Northern Manitoba residents who are held waiting for bail are moved repeatedly, often driving great distances while locked in crammed vans and in foul weather. It is unsafe for Sheriffs and accused alike, and adds to the chaos of the northern justice system as personal or video appearances are unreliable. Many accused do not stay in remand in the north but are transferred to central or southern Manitoba. Almost all are away from their home community such that personal visits with their counsel, family, children or supports are few and far between, if at all. Telephone communication to lawyers or families is difficult, infrequent and expensive. Accused are housed with all manner of inmates from a mix of backgrounds and temperaments; some of whom are violent, addicted to drugs or alcohol, or have mental health issues. Lawyers deposed that many clients have lost their employment, or have been attacked or threatened, while in remand waiting for bail hearings. Some accused consider pleading guilty just to get out of remand custody.
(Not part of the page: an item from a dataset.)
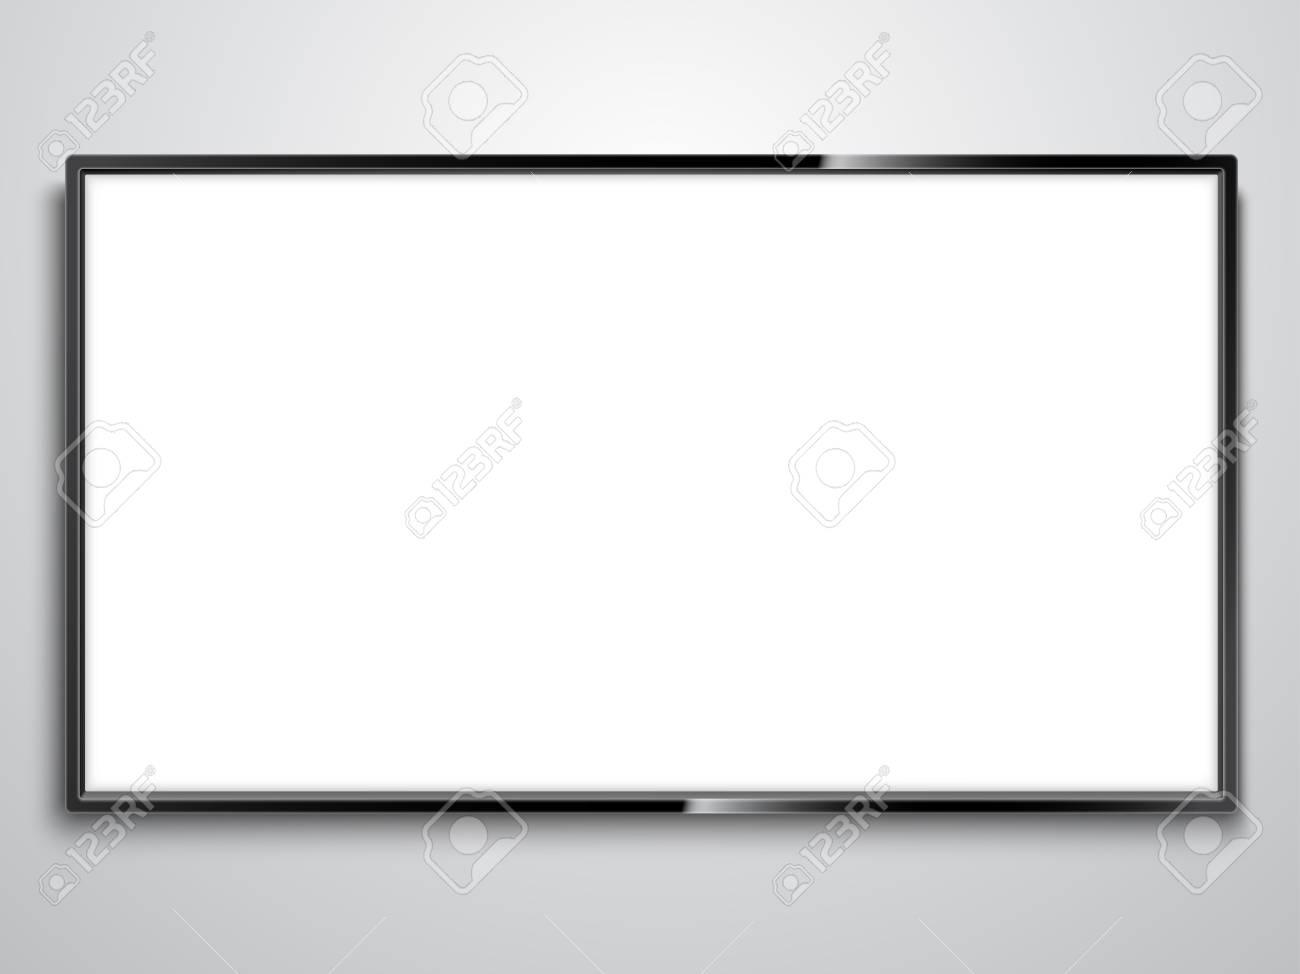 White Screen TV illustration on white background.. - 99865391

The remedy for a stay of proceedings is moot. An appropriate remedy under s 24(1) of the Charter, may generally include a stay of proceedings, a reduction of a sentence, or costs. At a minimum, judicial condemnation is required and the Court finds the bail practices in play in northern Manitoba should shock the conscience of any reasonable person. The violations of Ms. Balfour’s and Mr. Young’s Charter rights were directly related to long-standing and glaring systemic issues. Although the breaches were predictable, the issue of processing the potential release of an arrested person is vital. A bail system must be designed to ensure no person’s liberty is improperly usurped. This is of special concern, as many of the communities in the Thompson judicial area of northern Manitoba are Indigenous and many of those citizens suffer the effects of colonization (R v Gladue, [1999] 2 CNLR 252; R v Ipeelee, [2012] 2 CNLR 218).

No other remedy than costs remains available. In the end, Ms. Balfour and Mr. Young will receive nothing for the breaches of their individual Charter rights, but their lawyers will be reimbursed their expenses and receive partial compensation for their efforts.